- Anaïs Mitchell »
“You can’t really draw a line from A to B and say this is what this means. The recession has something to do with it, this hard time in the States. There's no guarantee that you're going to be taken care of; there's a feeling of being an orphan. Young people growing up, poor people being thrown out of their homes, a lot of people can’t afford the medicine they need. There’s a feeling that we’re like wild wolf-children... Or lost sheep.
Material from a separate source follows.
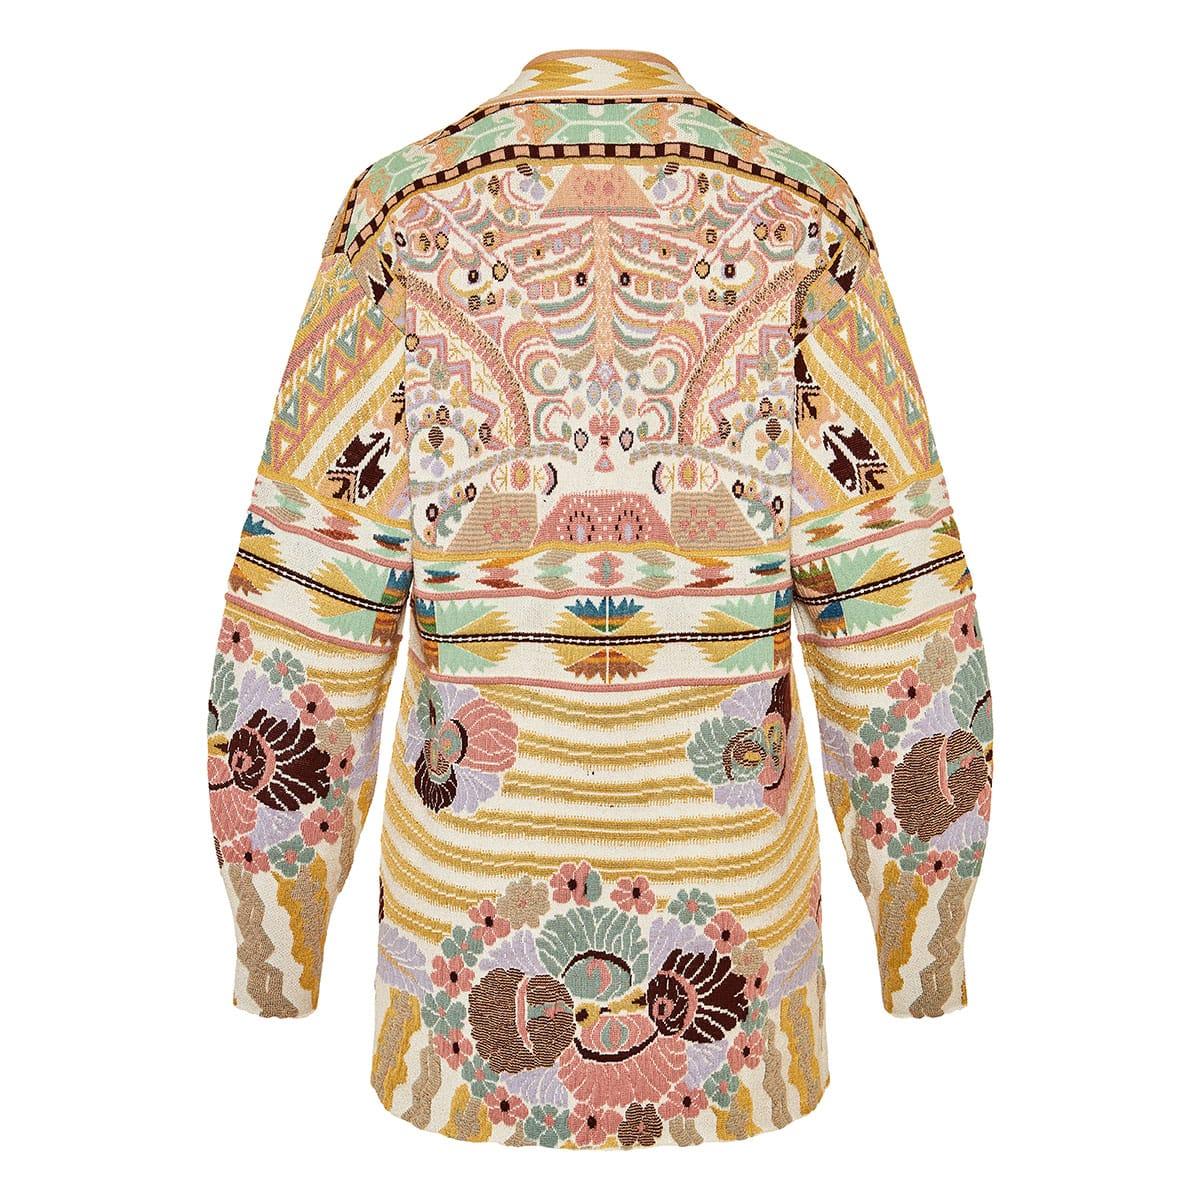 Oversized printed jacquard cardigan

And there’s no shepherd. ”
In April 2010 Anaïs Mitchell released the dizzyingly ambitious folk-opera Hadestown, a retelling of Greek legend set against Depression-era America. One of the underground success stories of the year, it never quite broke through in the manner you might have expected. Critically adored, packed with memorable songs and featuring Bon Iver’s Justin Vernon in a role he was arguably born to inhabit (that of Orpheus, whose sweet voice was said to inspire even trees and rocks to dance), it nevertheless gained a fervent cult following.
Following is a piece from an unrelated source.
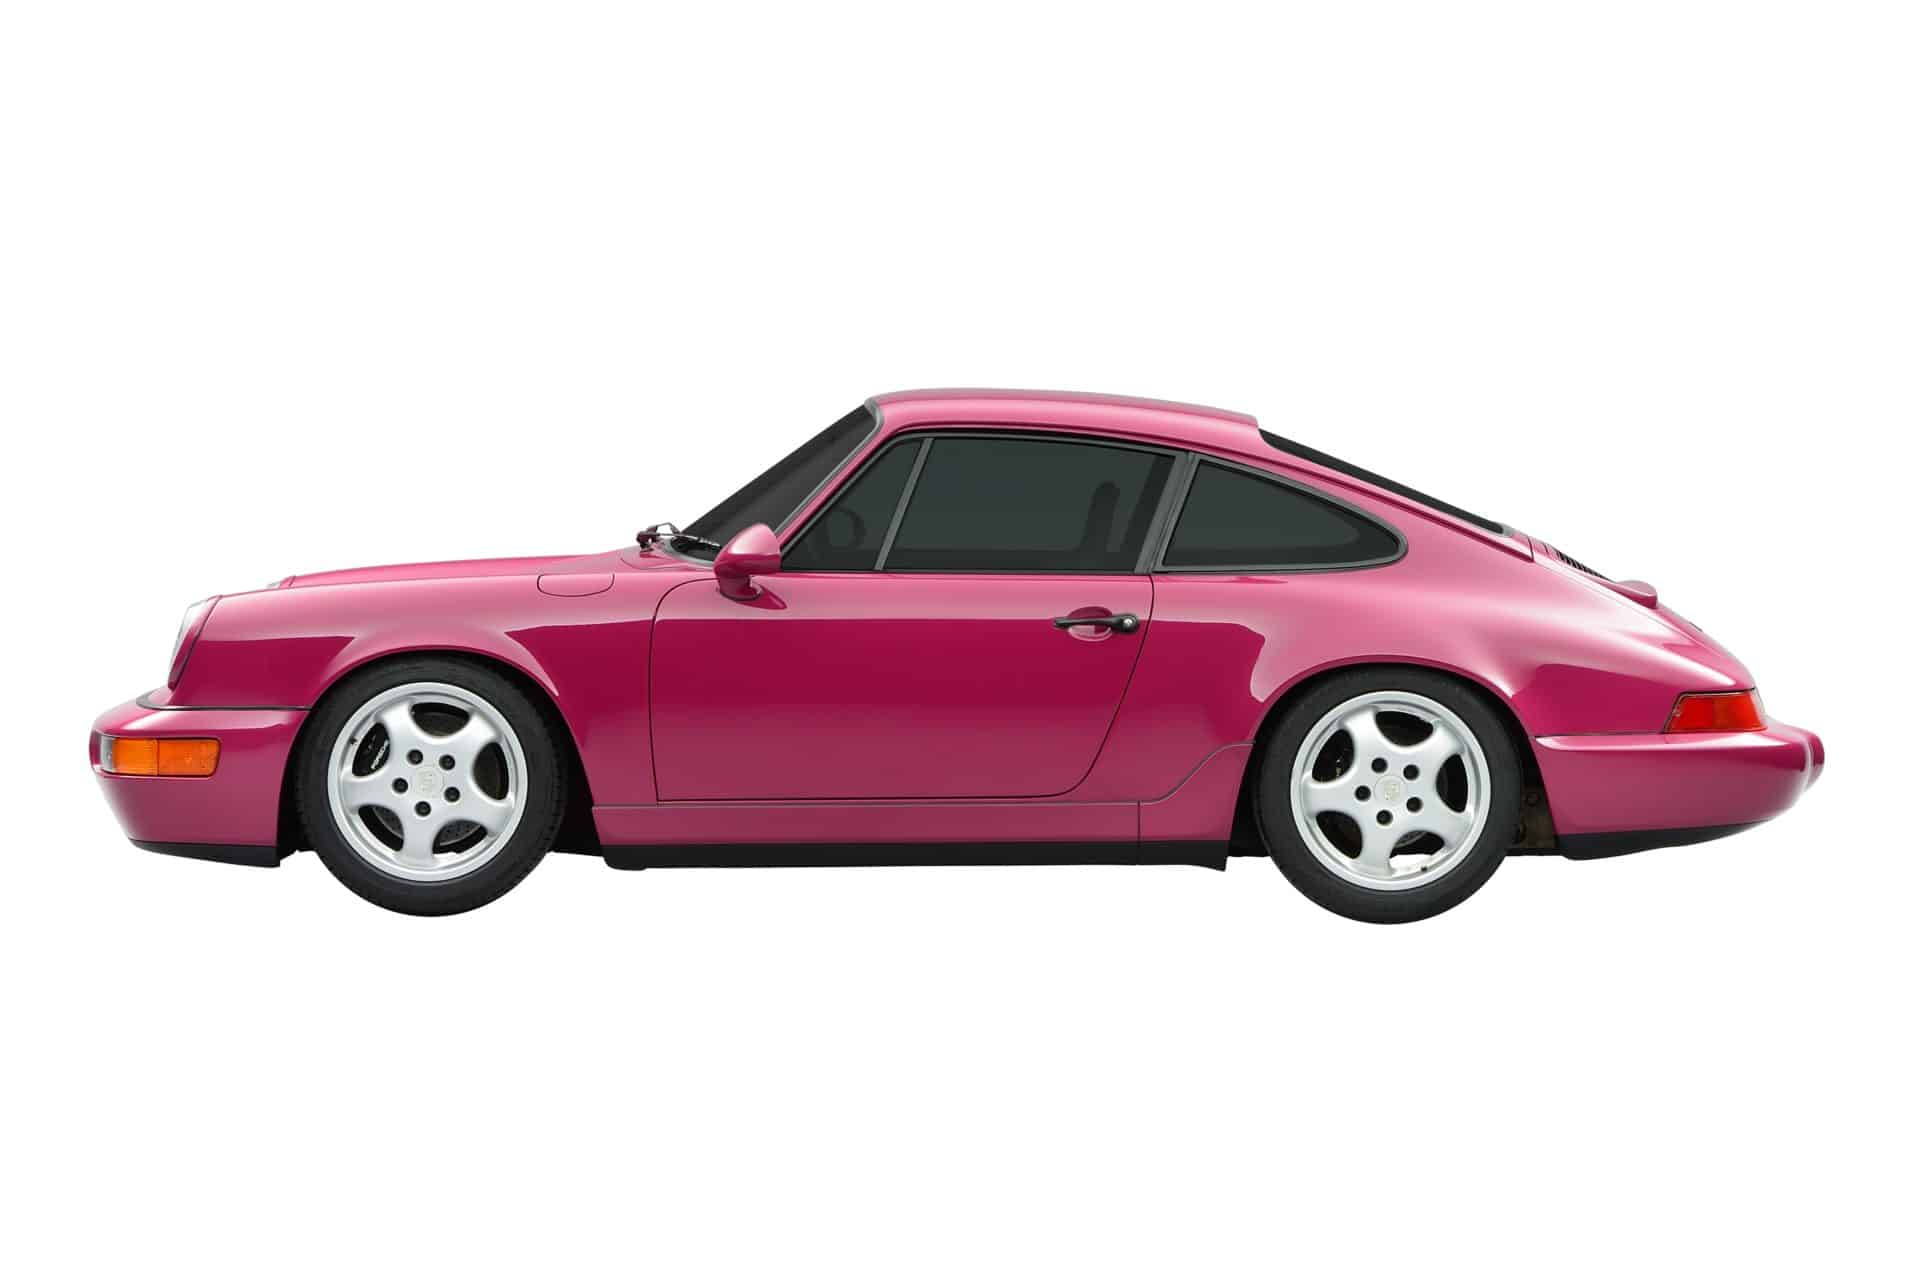 Porsche 911 ab 1989

I call her in early December as she’s making a brief stopover in London to discuss her new album, a fierce yet surprisingly tender collection of songs entitled Young Man in America. Multiple protagonists are again at its helm (though this time Mitchell voices them all herself), and myriad themes, desires and motivations are again explored over its course. Mother and father figures are repeatedly invoked from the outset, its titular character bursts out of his mother’s womb “hungry as a prairie dog” thus beginning his restless search for pleasure and success, while America itself is painted a stark milieu of highways, cities and forests; a “wilderland,” its denizens desperately seeking something more than their lot in life.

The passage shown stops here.